– М-да, ситуация, – промямлил я растерянно. – И часто это бывает?

– Как вам сказать… – Фимотин помолчал, подумал, рассеянно взъерошил жесткий ежик прически, подошел к столу, отпил квасу. Я ведь лично не так уж и часто с ним встречаюсь… Да-да, наблюдается вышеупомянутое. И, позволю себе не скромничать в рассуждениях, не для меня же персонально он каждый раз… того.

– Это очень важно – то, что вы говорите, – сказал я. – И мы к таким фактам относимся очень серьезно.

– Так ведь я потому и изложил сомнения свои, что это важно. – Фимотин нахмурился, кустистые брови сошлись над переносьем. Не ровен час переберет, как говорится, – глядишь, и заснет где… А в кобуре-то – оружие табельное, в кармане – книжечка красная. До беды-то далеко ли?..

Ну и ну! Виссарион Эмильевич, кто же ты? Провидец? Или мошенник? Откуда ж тебе предвидеть так точно беду, которая грянула на Позднякова? Как же это ты все так правильно угадал? А может быть, не угадал, а знаешь? Но откуда?

Тут я, наверное, дал промашку, не ответив сразу на сердечное опасение Фимотина за судьбу и честь Позднякова. Потому что он вдруг улыбнулся во все лицо, и я видел, что улыбаться – занятие для него непривычное но, во всяком случае, улыбнулся он самостоятельно, без посторонней помощи.

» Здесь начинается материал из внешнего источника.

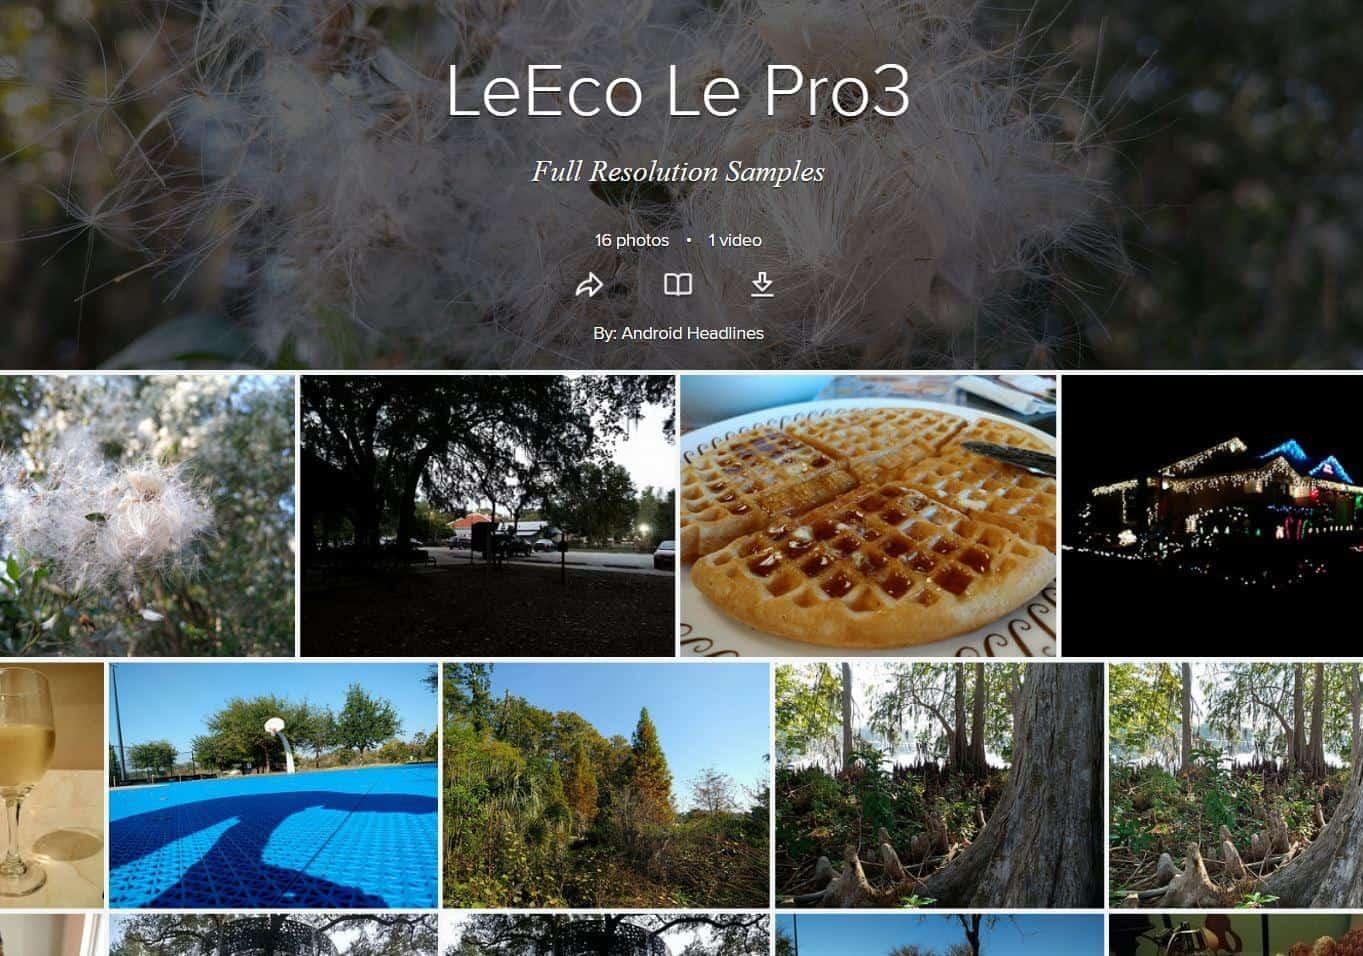 leeco-le-pro3-ah-ns-flickr

– Да что это мы заладили с вами, товарищ инспектор, про все мрачное, и я тут раскаркался: невзначай навредишь еще хорошему человеку. Все-таки в целом надо сказать, что он товарищ положительный, вы это с уверенностью и чистой совестью можете так и доложить начальству. Низовой исполнительный аппарат находится у нас на надлежащей высоте, – добавил он значительно.

Я пил холодный гриб и с интересом рассматривал этот паровоз со стравленным паром. В начале разговора я видел его стоящим в конце железнодорожной колеи, где перед носом – три метра рельсов, а дальше загибаются они вверх крючками, на которые набита шпала – как окончательный и бесповоротный шлагбаум, дальше пути нет, все дороги сошлись и окончились здесь. А теперь возникло у меня ощущение ошибки: вдруг по ночам он выползает из своего тупика и во мраке и тишине, без света, без пара, без приказа о конце консервации носится по пустынным перегонам, сметая с рельсов зазевавшихся людей?..


– Я человек незлой. И совершенно безвредный. Как бабочка-махаон. – Борис Чебаков тряхнул длинной гривой великолепных черных волос и весело засмеялся. Я тоже засмеялся, совершенно искренне. – Вот рассудите сами, инспектор, вы же производите впечатление человека интеллигентного: ну может ведь так случиться, что у человека есть призвание, которое не лежит в производственной сфере?

– А какое у вас призвание? – спросил я с интересом. – Быть натурщиком?

– Ну-у, фи, это не разговор! Ведь вы работаете в МУРе, наверное, не потому, что вам больше всего на свете нравится ловить вонючих воришек и пьяных грабителей?

– Не потому, – кивнул я.

– Вот и я работаю натурщиком не потому, что это мне больше всего нравится. Хотя и не разделяю предрассудков в отношении этой профессии.

Видимо, я не совладал с мускулами лица и невольно ухмыльнулся. Чебаков заметил это и сказал:

– Господи, когда же вы, товарищи-граждане-люди, поймете, что быть натурщиком – это очень тяжелая и творческая работа?

– Творческая? – переспросил я.

– А вы что думали? Почему художественная классика одухотворенна, а не сексуальна? Потому что Джорджоне или Микеланджело искали не складный кусок мяса на гибком костяном каркасе, а мечтали в красоте обрести душу человеческую! И натуру подбирали годами!

– Вы напрасно так кипятитесь – я не спорю. Хотя и воздержался бы ставить телегу впереди лошади: помимо натурщика, кое-что еще и художник значит. Но мы не договорили насчет вашего призвания.